Gluten Free Salmon Sausage Frittata

Gluten Free Salmon Sausage Frittata

Ingredients

  • 1/2 pound salmon fillet
  • 2 limes
  • 2 tablespoons of Creole seasoning
  • 3 Specialty sausages
  • 6 eggs
  • 1/2 cup grated pecorino Romano
  • 1/2 cup grated pargigiana-reggiano
  • splash of light whipping cream
  • dash of salt
  • fistful of shredded basil

Directions

  1. Sautee a half-pound fillet of wild-caught salmon, after marinating it in fresh lime juice and Creole seasoning, in excellent olive oil, and a touch of salt. Sautee on high heat for three minutes on each side.
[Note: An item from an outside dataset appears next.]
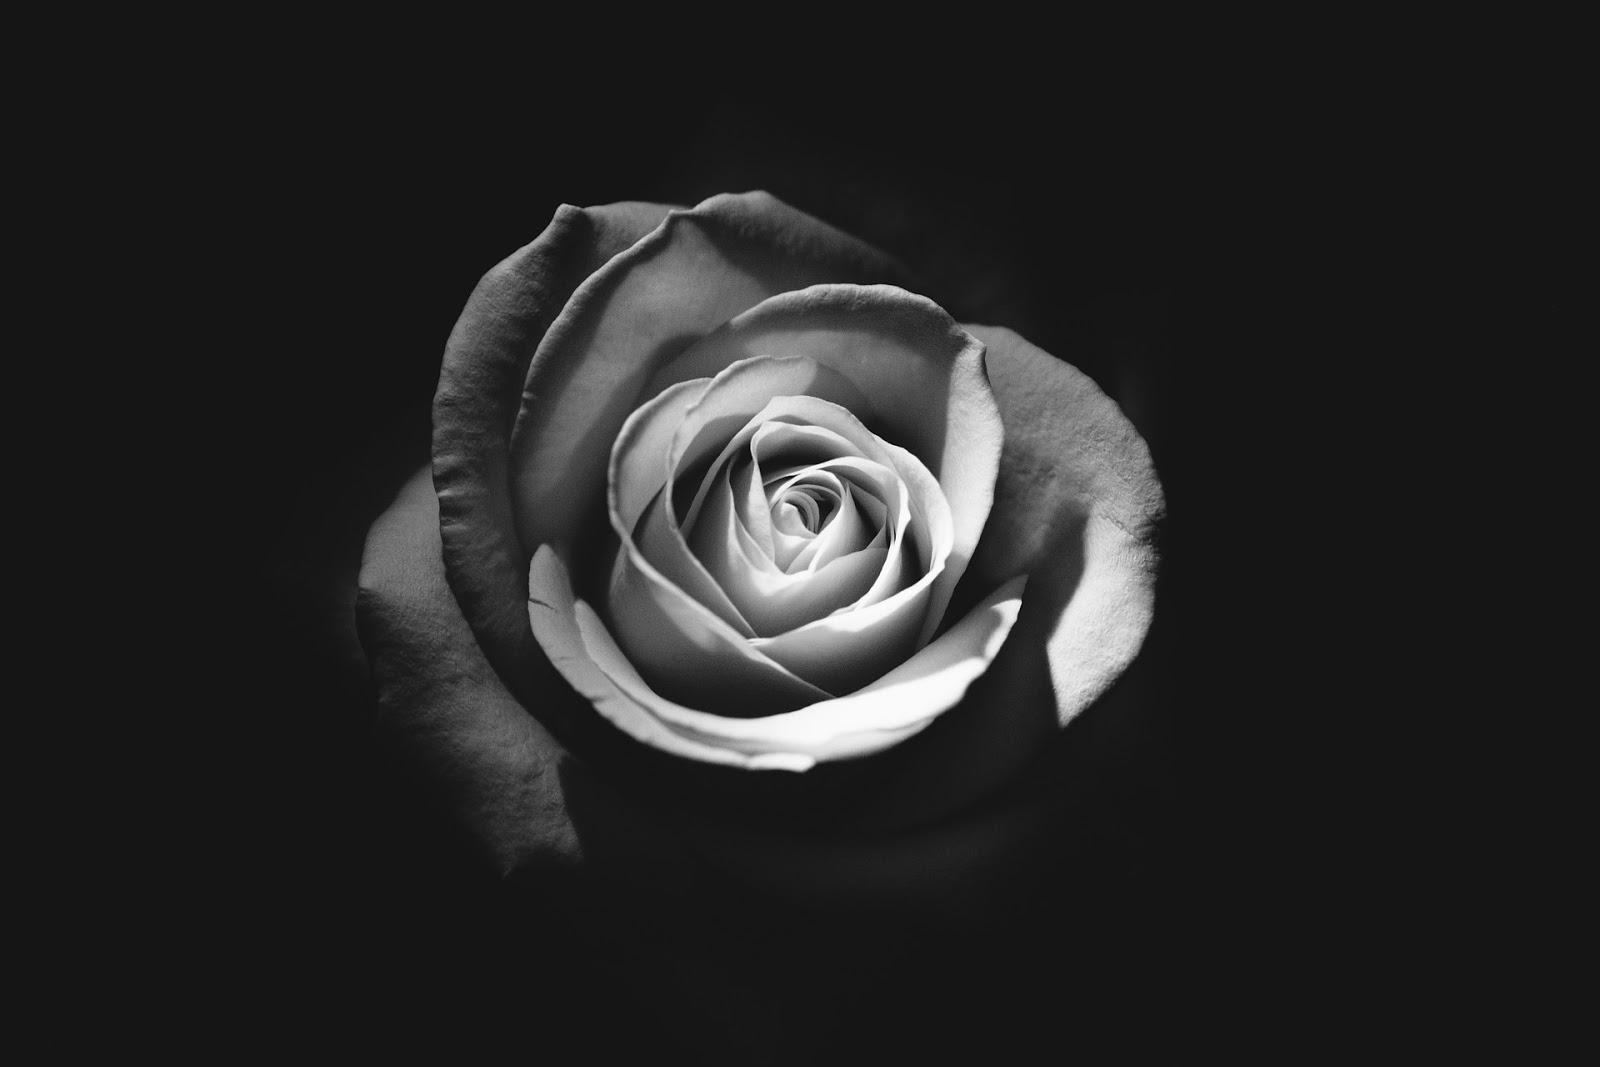 gambar bunga mawar hitam putih
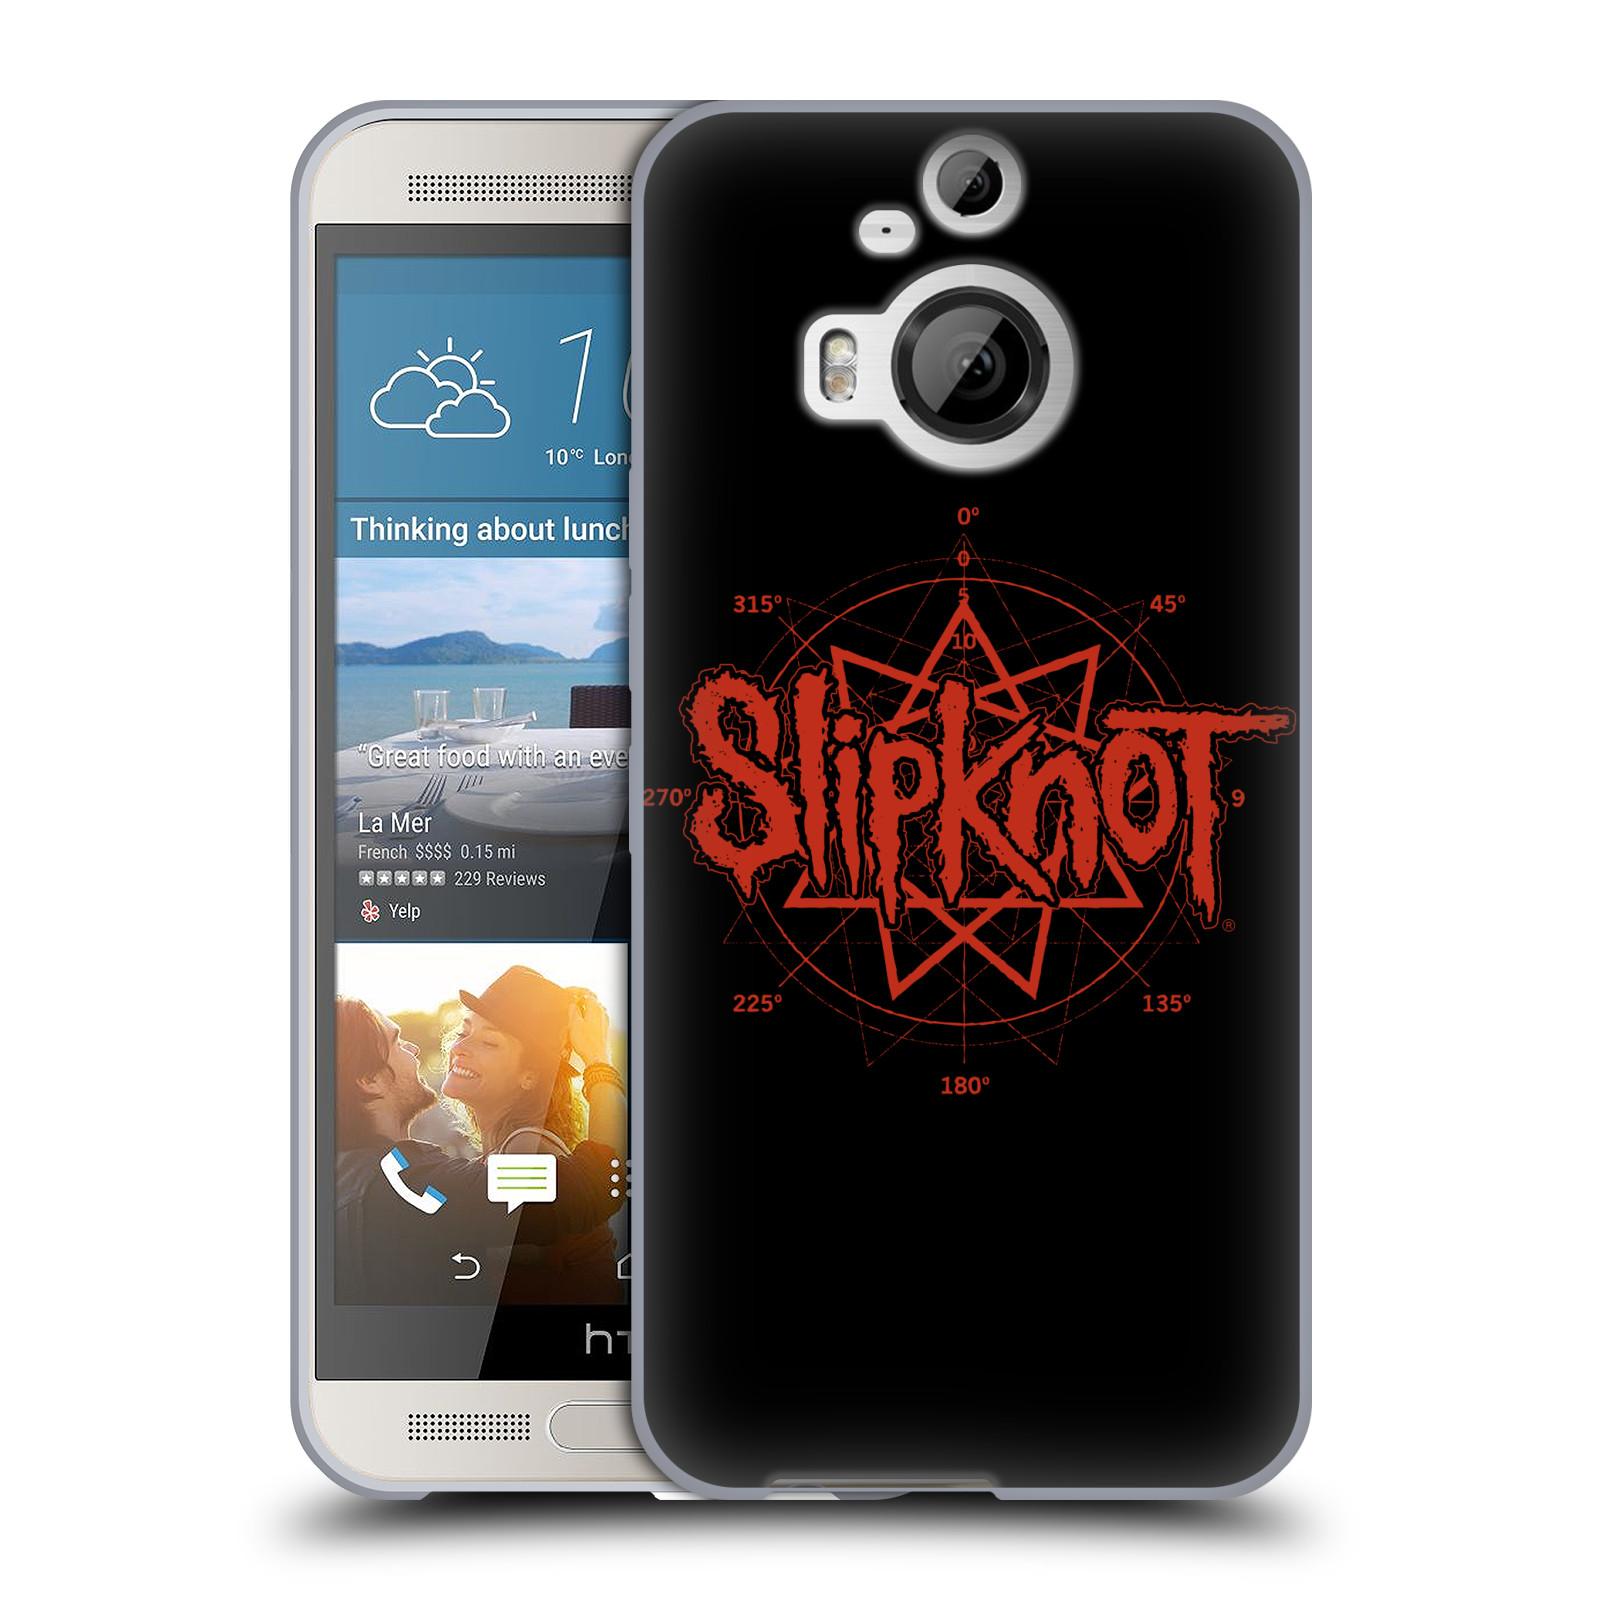 HEAD CASE silikonový obal na mobil HTC One M9 PLUS hudební skupina Slipknot logo

Refrigerate for use the next day.
  2. Cook three sausages in an inch of water in a small pan in a 400° oven, for about thirty minutes. Drain from the water and sauté the sausages. Set aside for use later.
  3. * Line a pie pan with parchment paper. Lay down your favorite fresh herbs (I used fresh thyme). This will be the top of the frittata.
  4. Mix the eggs, cheeses, cream, salt, and basil in an electric mixer until well mixed.
  5. Add the sausages and pieces of salmon to the egg mixture and stir gently.
  6. Pour the mixture into the prepared pie pan. Bake at a 400° oven for 25 minutes or so. Let the frittata sit for five minutes and watch it sag into the finished piece.